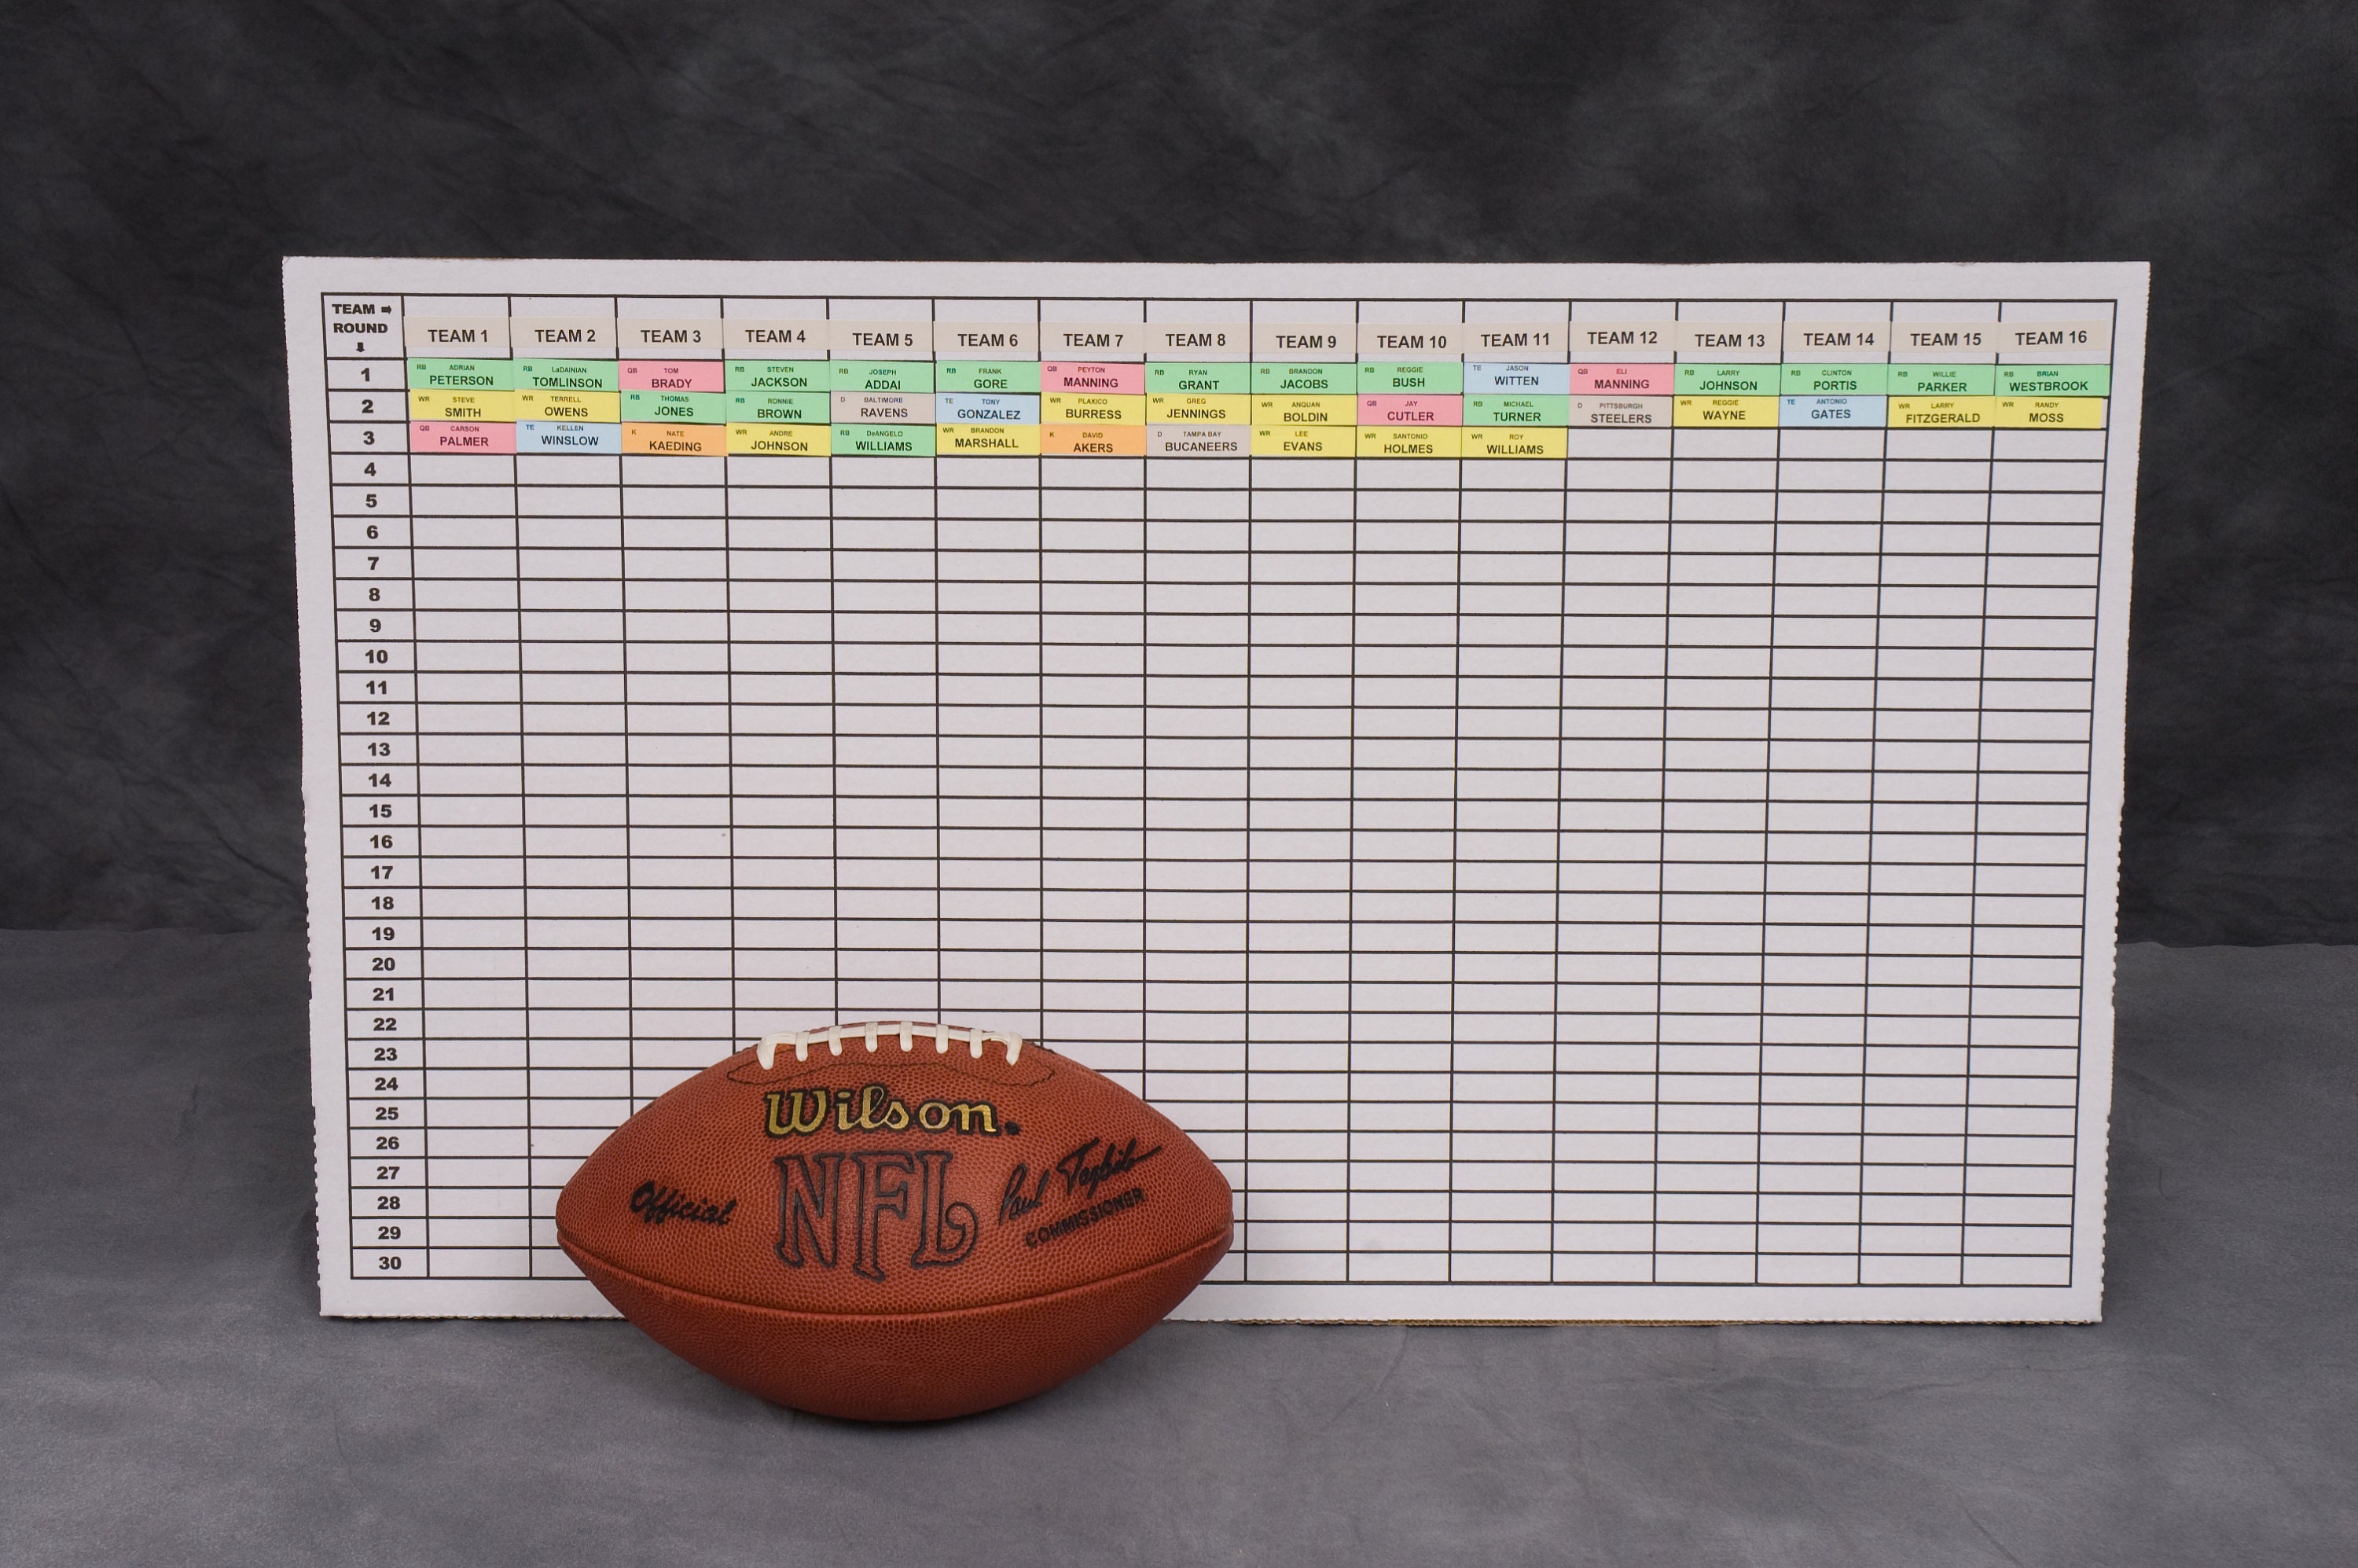 23 Fantasy Football Draft Board + Labels
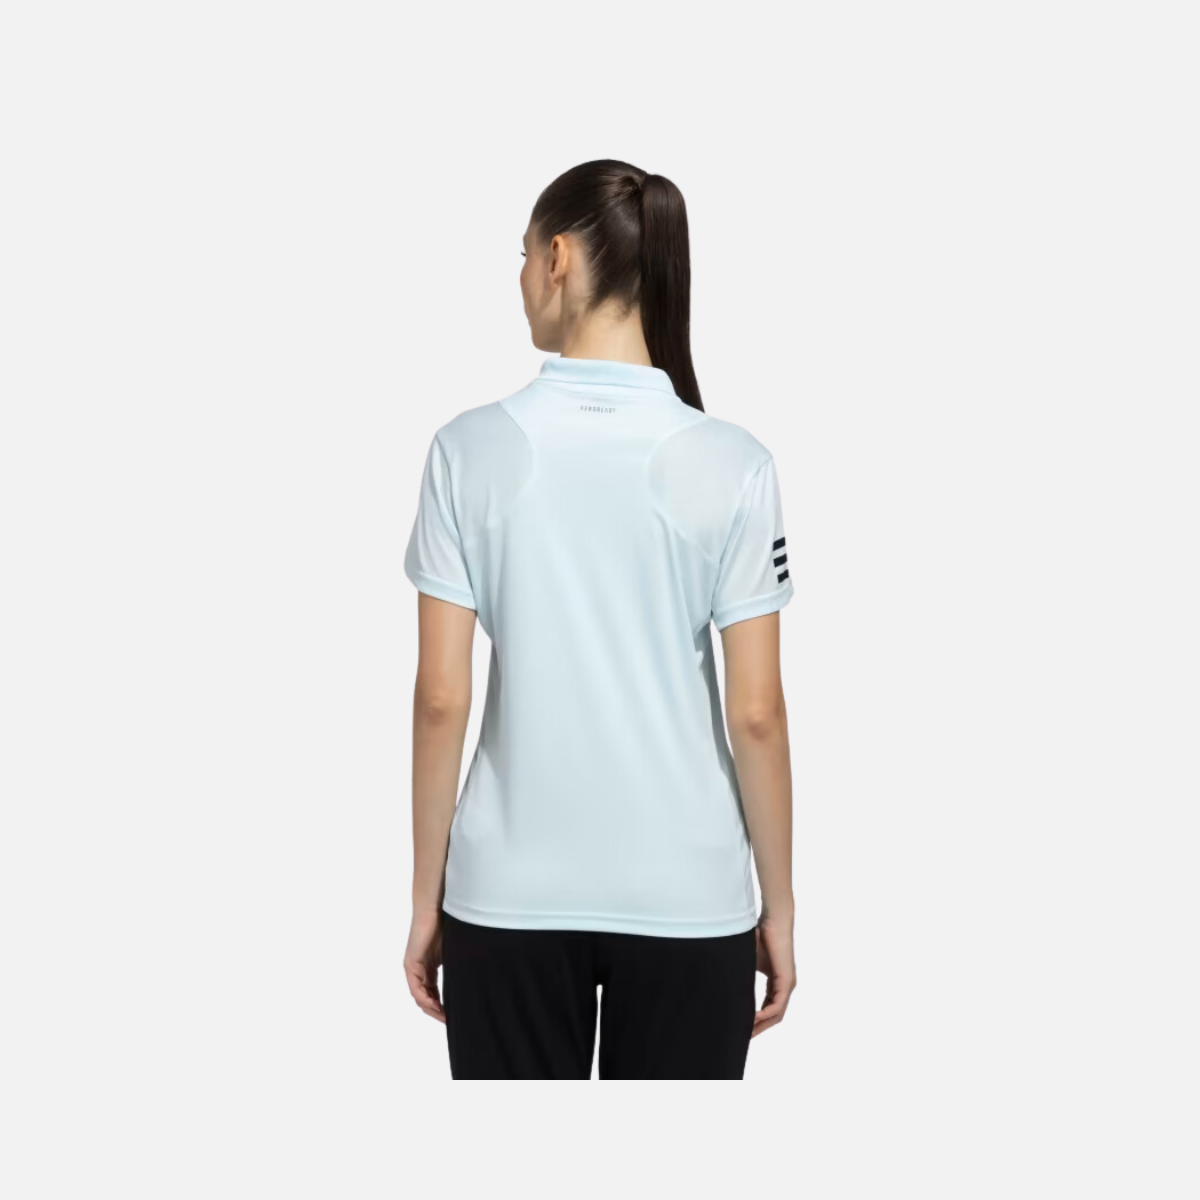 Adidas Club Polo Women's Tennis T-shirt -Almost Blue
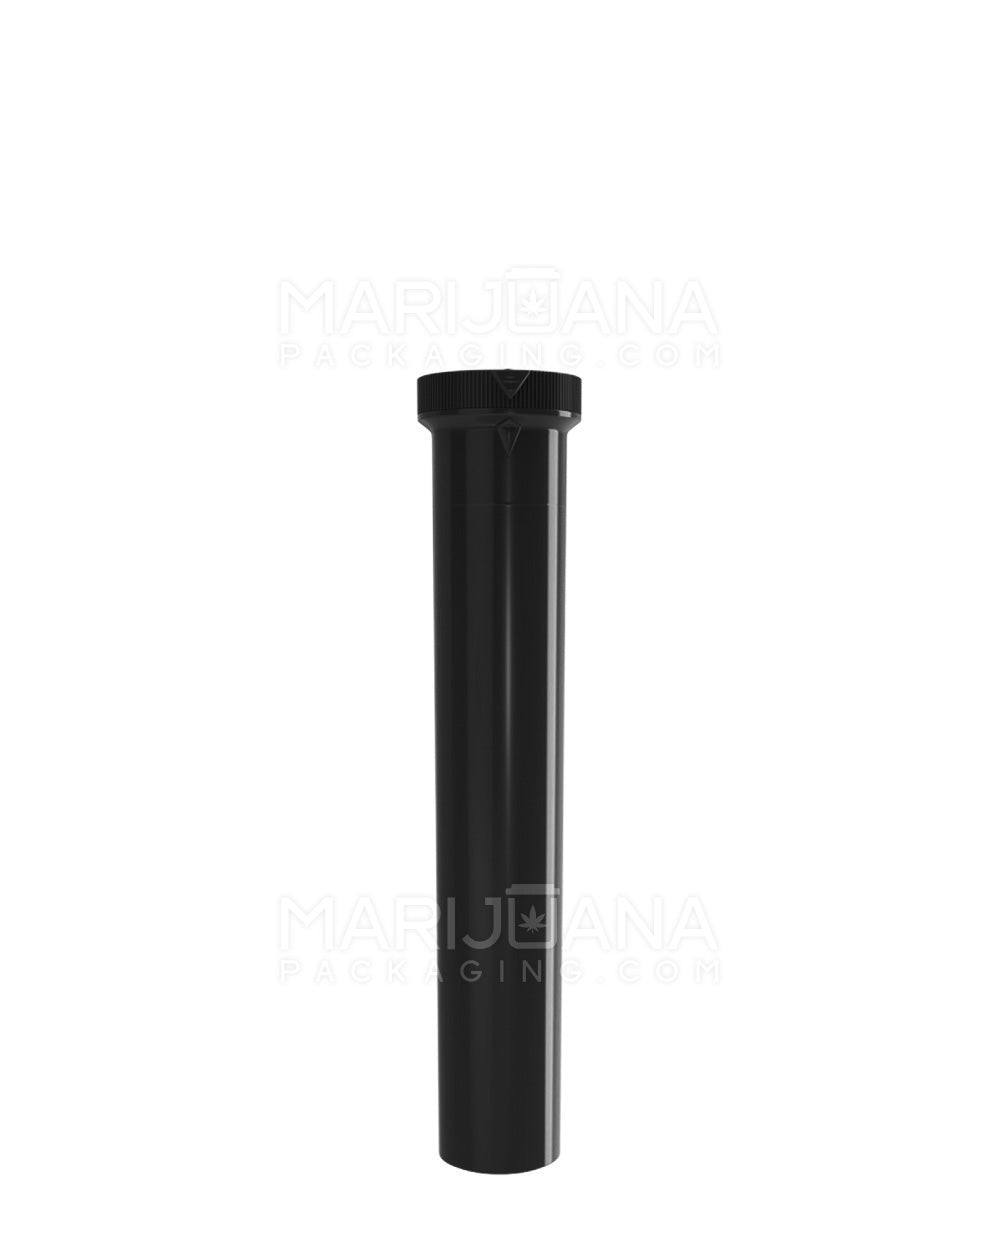 Child Resistant | ‘Line-Up Arrow’ Pre-Roll Tubes | 94mm - Opaque Black Plastic - 750 Count - 3
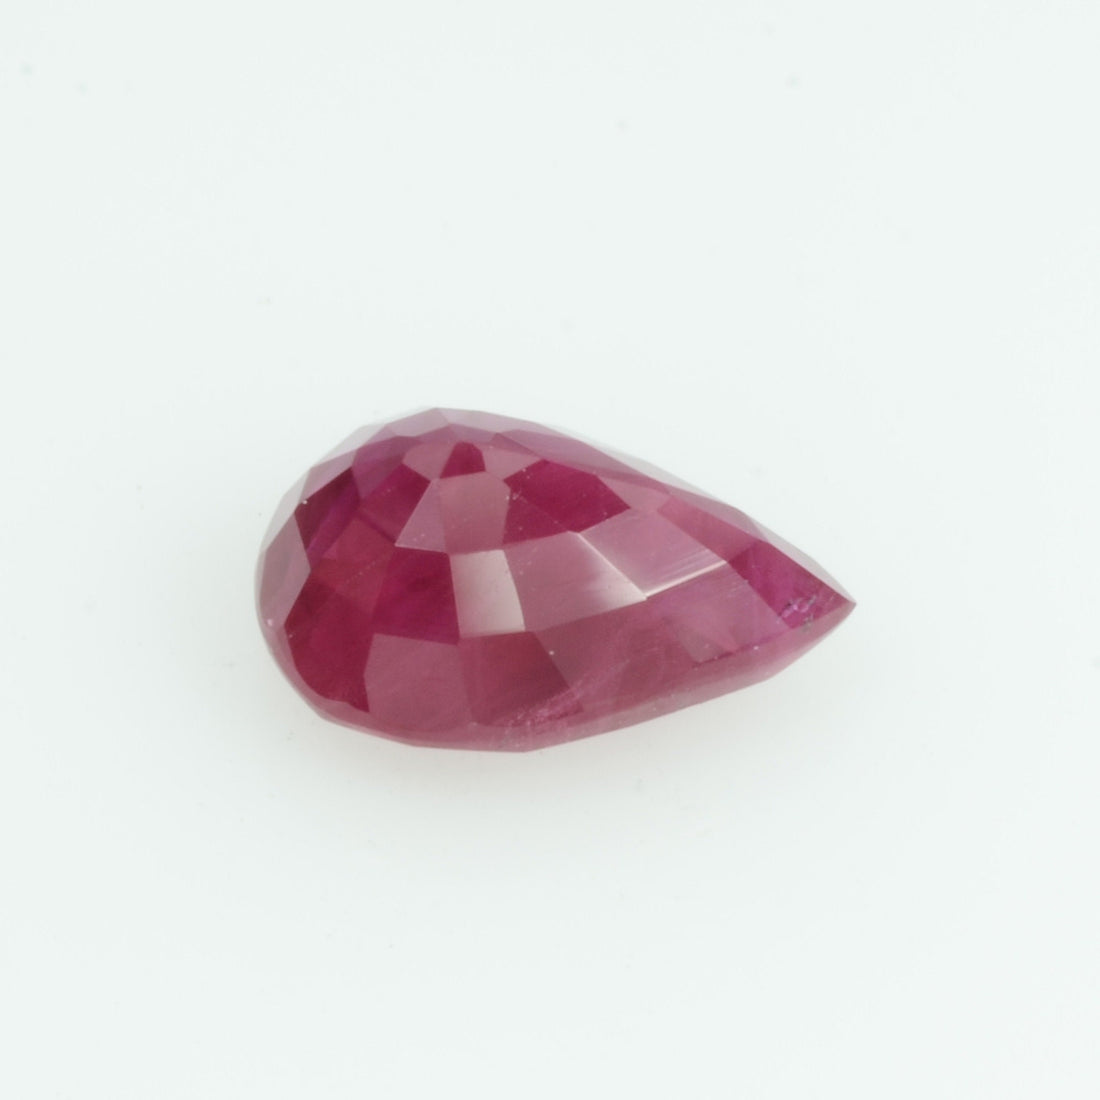 0.91 Cts Natural Burma Ruby Loose Gemstone Pear Cut
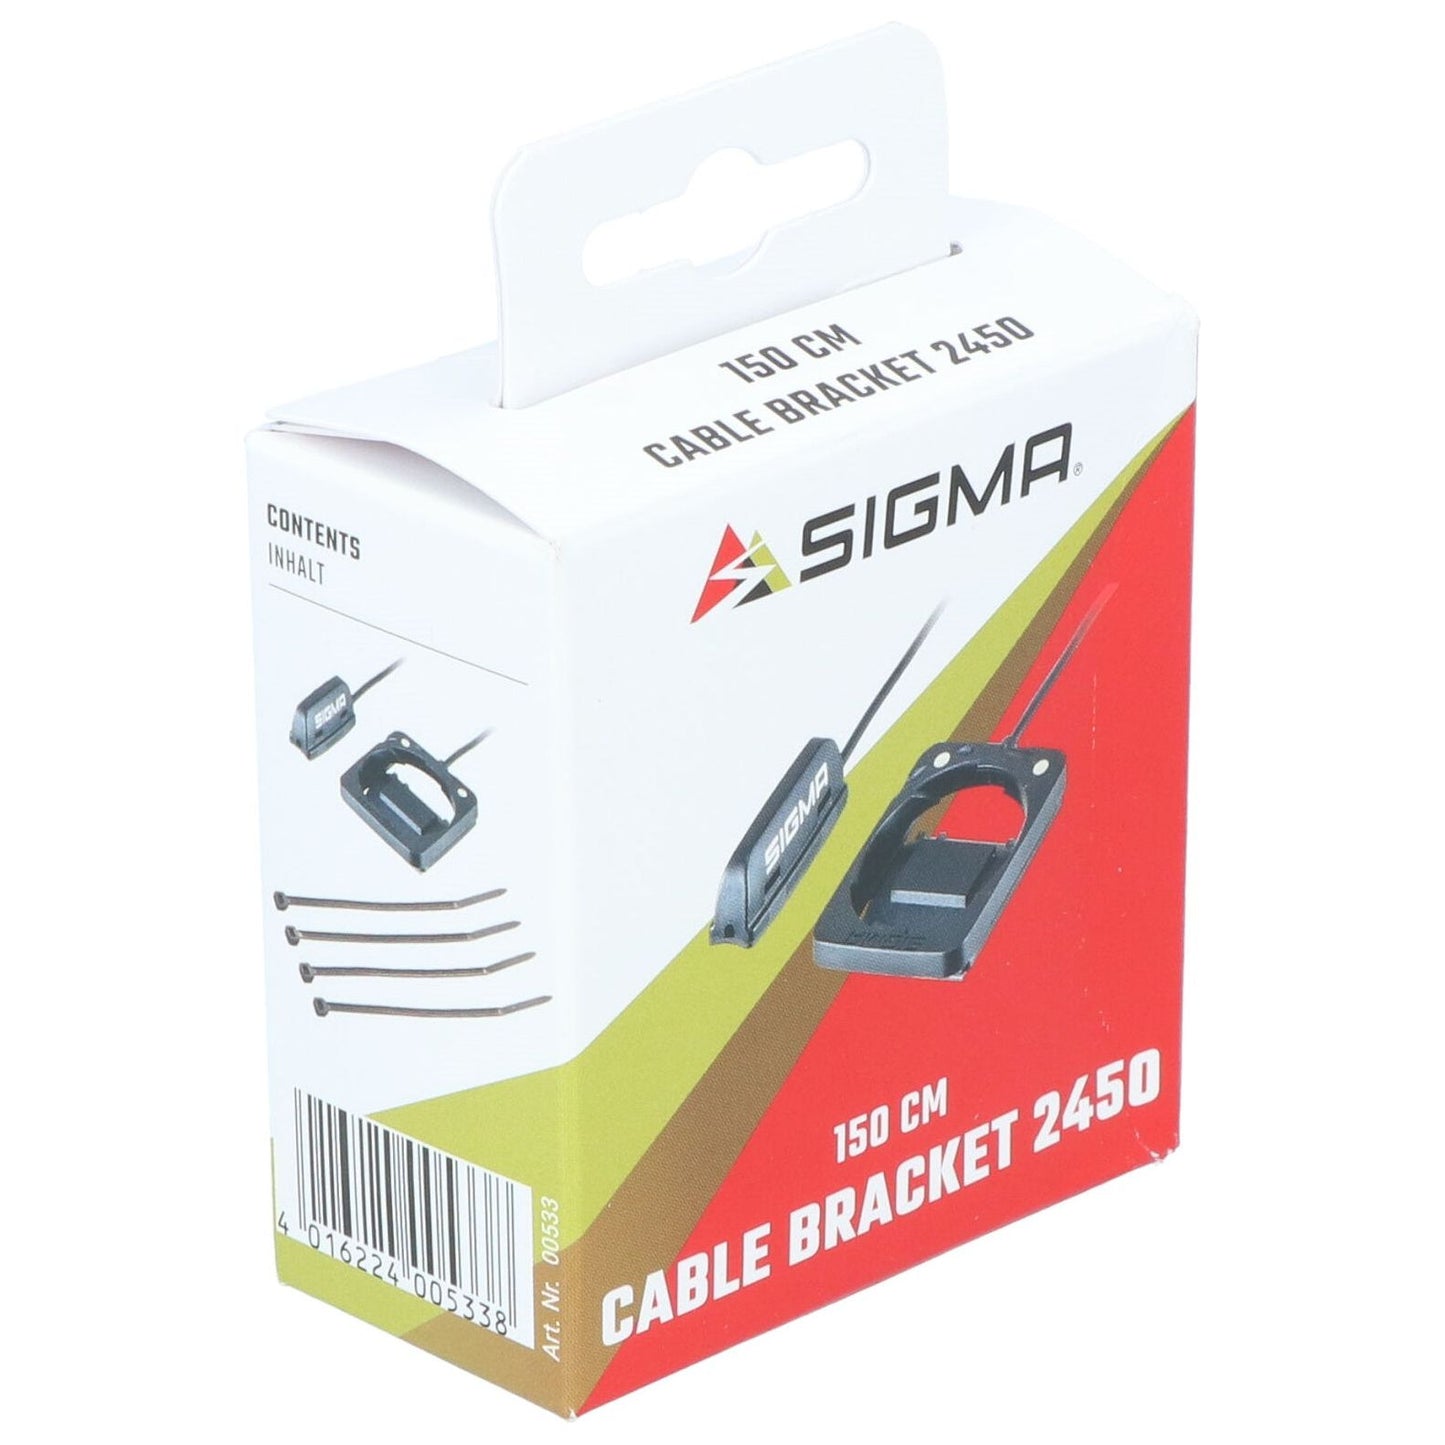 Sigma computerhouder met kabel 150 cm 2450 original serie 00533
:::
The answer is the records above, repeated exactly, with no picture in it.

 23 Fantasy Football Draft Board + Labels
 Adidas Club Polo Women's Tennis T-shirt -Almost Blue
 Child Resistant | ‘Line-Up Arrow’ Pre-Roll Tubes | 94mm - Opaque Black Plastic - 750 Count - 3
 0.91 Cts Natural Burma Ruby Loose Gemstone Pear Cut
 Sigma computerhouder met kabel 150 cm 2450 original serie 00533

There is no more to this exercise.